▶ **Task goal**
Will you return, word for word, only the lines from the top of the data below down to and including the one with "鈴 step-by-step stroke order diagrams"?
*** Opening of Provided records ***
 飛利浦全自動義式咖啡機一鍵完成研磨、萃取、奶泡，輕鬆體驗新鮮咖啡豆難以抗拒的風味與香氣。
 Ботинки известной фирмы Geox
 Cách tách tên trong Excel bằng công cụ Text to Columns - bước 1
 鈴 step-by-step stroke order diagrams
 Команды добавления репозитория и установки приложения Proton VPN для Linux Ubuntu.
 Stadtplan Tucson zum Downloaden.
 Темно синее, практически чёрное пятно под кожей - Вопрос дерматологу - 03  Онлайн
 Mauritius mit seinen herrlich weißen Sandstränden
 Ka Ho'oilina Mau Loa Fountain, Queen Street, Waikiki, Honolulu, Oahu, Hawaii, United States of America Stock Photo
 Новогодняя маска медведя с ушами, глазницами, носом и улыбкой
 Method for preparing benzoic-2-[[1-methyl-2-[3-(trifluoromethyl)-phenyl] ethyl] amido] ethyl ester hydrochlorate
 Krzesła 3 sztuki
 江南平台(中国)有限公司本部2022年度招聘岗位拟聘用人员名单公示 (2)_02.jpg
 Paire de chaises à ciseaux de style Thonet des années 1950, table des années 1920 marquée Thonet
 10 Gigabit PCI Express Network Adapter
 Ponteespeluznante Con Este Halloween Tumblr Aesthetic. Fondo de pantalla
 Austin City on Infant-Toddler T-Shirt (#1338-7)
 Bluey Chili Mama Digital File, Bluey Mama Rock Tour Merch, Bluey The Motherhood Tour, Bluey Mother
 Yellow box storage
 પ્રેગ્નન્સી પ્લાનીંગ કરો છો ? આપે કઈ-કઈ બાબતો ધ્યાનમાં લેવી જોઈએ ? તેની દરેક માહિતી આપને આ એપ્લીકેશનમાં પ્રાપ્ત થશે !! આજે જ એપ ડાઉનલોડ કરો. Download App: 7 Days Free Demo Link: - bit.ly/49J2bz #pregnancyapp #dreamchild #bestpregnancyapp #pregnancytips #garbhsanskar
*** Close of Provided records ***
▶ **Reply to the task**
 飛利浦全自動義式咖啡機一鍵完成研磨、萃取、奶泡，輕鬆體驗新鮮咖啡豆難以抗拒的風味與香氣。
 Ботинки известной фирмы Geox
 Cách tách tên trong Excel bằng công cụ Text to Columns - bước 1
 鈴 step-by-step stroke order diagrams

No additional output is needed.